Dementia is not a specific disease.


That's the Americans for you (whoops I forgot there's one or two on here:D

disease
noun
noun: disease; plural noun: diseases; noun: dis-ease; plural noun: dis-eases

a disorder of structure or function in a human, animal, or plant, especially one that produces specific symptoms or that affects a specific location and is not simply a direct result of physical injury.
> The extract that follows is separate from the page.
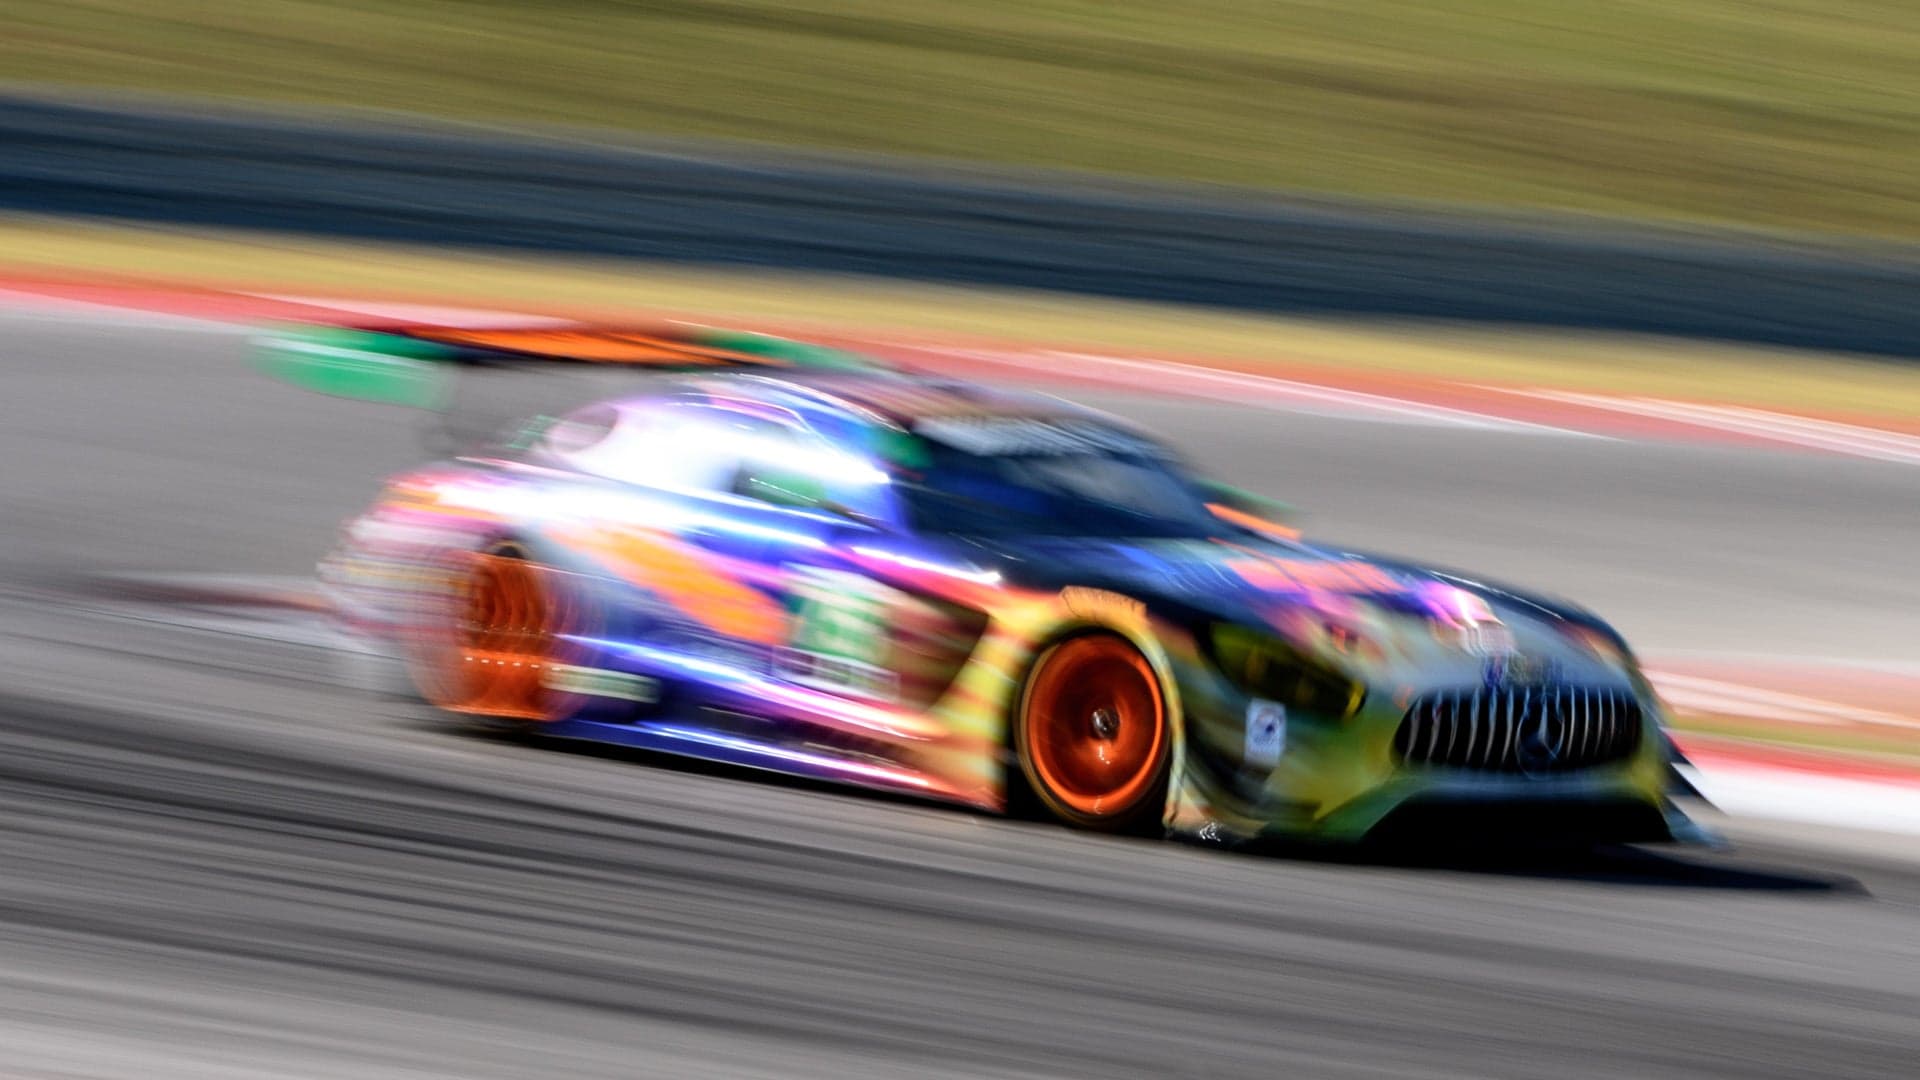 Motorsports Photography: The Art Of Racing – IMSA Edition

It actually says "not a specific disease" they're not saying it isn't a disease it can be any one of a number of individual diseases.
K
 

Sue J

Registered User
Dec 9, 2009
8,032
0
I would say that a syndrome is a collection of a number of symptoms and as such can aid diagnosis of a disease.

He has Tourette's means he displays Tourette's syndrome.
She has Korsakoff syndrome means she displays Korsakoff syndrome.j

My wife's consultant gave a diagnosis of LDB but referred to problems - hallucinations, gait, cogwheel joints - as parts of the dementing syndrome. The range of symptoms in the syndrome helped with the diagnosis of LDB.

Just my take, hope I've not added further confusion.

I understand your take completely Nitram and it makes sense to me. Being able to identify specific symptoms from the syndrome can narrow down the diagnosis and potentially target better treatment approaches.
 

nitram

Registered User
Apr 6, 2011
30,248
0
Bury
"Being able to identify specific symptoms from the syndrome can narrow down the diagnosis and potentially target better treatment approaches."

And symptoms from any comorbidity are not part of the syndrome and are ignored in the diagnosis.